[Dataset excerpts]
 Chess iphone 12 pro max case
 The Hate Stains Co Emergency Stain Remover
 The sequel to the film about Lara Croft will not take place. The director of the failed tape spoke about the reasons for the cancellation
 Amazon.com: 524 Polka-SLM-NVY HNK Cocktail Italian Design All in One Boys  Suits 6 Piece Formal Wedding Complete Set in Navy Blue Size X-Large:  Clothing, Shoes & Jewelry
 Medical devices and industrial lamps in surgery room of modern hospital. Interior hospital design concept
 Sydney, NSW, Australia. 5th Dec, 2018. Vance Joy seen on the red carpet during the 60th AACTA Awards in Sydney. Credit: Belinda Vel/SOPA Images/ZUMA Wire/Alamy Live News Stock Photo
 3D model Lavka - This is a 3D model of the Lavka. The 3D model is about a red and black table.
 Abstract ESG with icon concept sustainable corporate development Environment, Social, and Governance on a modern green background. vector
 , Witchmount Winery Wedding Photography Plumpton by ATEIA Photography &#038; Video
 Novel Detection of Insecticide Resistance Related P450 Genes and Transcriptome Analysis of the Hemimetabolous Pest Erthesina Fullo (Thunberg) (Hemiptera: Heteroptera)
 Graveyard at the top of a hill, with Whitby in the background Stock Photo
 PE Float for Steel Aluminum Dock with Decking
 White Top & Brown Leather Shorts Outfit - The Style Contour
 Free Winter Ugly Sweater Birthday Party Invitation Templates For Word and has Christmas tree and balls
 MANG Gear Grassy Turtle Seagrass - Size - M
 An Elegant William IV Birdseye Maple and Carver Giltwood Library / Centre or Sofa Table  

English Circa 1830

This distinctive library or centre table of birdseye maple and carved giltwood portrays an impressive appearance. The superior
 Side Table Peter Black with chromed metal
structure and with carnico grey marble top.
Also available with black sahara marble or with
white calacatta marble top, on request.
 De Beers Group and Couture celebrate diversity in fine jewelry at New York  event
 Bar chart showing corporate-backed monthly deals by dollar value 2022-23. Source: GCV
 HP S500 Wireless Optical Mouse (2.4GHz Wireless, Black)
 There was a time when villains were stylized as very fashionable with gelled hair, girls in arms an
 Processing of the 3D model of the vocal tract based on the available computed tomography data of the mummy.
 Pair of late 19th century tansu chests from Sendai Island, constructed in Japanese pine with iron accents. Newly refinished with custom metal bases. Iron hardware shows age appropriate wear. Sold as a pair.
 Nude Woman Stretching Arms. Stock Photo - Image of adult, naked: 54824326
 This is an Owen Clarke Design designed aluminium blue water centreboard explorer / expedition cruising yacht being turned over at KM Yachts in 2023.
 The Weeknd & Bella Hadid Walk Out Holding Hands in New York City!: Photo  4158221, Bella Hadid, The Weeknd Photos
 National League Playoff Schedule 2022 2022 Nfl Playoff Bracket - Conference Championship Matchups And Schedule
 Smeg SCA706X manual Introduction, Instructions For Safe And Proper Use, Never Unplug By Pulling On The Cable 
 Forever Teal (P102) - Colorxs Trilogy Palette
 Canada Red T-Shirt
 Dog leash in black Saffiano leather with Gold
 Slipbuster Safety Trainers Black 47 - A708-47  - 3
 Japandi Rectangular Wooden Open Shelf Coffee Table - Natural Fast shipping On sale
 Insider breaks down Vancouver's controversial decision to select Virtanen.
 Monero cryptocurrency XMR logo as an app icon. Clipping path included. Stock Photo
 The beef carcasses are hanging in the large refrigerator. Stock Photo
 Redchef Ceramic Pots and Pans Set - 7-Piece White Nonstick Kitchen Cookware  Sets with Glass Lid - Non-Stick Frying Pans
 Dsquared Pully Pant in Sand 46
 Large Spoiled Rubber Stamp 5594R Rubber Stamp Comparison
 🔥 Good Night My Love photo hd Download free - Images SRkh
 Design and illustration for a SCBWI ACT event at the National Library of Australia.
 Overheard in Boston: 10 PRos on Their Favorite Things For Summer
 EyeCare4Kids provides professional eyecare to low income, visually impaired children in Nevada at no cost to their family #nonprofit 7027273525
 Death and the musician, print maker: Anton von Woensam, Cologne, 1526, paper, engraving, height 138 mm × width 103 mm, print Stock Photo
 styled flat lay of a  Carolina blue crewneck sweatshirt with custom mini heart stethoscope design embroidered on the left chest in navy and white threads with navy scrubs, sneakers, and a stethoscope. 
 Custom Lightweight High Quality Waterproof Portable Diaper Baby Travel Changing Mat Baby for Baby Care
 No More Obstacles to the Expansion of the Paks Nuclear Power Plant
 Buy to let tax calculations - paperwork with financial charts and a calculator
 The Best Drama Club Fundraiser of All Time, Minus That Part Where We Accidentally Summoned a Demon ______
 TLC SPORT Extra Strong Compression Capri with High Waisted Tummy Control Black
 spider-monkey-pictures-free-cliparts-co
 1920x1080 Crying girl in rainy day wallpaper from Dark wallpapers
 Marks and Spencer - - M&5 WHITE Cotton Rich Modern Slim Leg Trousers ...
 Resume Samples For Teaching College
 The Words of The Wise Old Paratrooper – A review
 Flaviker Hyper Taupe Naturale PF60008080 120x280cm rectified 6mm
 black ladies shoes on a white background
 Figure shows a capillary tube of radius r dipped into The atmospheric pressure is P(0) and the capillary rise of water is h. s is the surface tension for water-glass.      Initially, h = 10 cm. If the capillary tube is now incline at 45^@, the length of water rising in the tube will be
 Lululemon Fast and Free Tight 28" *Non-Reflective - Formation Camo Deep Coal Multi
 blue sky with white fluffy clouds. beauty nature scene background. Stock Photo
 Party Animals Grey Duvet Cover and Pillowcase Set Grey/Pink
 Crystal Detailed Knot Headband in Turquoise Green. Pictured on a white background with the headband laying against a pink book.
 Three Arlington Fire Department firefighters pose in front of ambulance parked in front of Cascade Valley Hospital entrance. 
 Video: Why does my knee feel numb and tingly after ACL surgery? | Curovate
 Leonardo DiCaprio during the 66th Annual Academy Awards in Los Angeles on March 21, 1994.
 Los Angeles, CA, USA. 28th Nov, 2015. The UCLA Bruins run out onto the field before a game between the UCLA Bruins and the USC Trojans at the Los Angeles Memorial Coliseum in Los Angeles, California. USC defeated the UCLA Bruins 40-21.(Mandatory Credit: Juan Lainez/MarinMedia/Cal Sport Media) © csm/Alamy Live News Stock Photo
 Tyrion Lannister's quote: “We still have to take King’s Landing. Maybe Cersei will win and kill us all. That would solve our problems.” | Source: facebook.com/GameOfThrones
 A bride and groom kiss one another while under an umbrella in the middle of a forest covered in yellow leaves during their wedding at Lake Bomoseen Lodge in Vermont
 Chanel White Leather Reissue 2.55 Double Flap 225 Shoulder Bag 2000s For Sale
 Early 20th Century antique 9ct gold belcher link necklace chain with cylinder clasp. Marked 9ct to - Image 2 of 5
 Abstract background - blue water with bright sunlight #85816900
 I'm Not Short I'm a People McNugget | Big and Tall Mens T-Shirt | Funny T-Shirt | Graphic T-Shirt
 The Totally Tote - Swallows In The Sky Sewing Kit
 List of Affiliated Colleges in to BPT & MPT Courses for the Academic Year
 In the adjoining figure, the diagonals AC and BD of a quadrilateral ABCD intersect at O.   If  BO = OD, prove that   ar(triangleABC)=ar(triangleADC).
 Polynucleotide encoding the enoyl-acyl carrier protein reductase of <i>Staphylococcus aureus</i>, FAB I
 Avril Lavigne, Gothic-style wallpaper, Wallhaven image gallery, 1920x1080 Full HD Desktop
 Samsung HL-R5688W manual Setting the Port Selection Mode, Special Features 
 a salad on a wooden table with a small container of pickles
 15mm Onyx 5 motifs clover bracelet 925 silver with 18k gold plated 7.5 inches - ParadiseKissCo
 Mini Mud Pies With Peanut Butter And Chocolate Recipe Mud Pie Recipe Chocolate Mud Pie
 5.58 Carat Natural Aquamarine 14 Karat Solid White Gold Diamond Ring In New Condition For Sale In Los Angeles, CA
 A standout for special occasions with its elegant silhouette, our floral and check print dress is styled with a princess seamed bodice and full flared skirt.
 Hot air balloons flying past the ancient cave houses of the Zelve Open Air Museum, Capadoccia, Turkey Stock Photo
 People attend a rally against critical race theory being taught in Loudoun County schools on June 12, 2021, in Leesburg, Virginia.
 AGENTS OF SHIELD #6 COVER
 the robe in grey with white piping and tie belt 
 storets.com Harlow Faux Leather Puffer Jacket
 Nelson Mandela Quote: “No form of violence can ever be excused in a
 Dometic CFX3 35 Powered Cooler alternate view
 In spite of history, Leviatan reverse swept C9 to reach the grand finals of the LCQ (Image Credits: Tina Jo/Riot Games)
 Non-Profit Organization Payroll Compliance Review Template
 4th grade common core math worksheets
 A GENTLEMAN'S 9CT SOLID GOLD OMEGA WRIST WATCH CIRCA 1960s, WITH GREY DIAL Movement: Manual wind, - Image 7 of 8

→ TASK DETAILS: Pull out all lines from the entries above that include the word "concept".

→ SOLUTION TO THE EXERCISE:
 Medical devices and industrial lamps in surgery room of modern hospital. Interior hospital design concept
 Abstract ESG with icon concept sustainable corporate development Environment, Social, and Governance on a modern green background. vector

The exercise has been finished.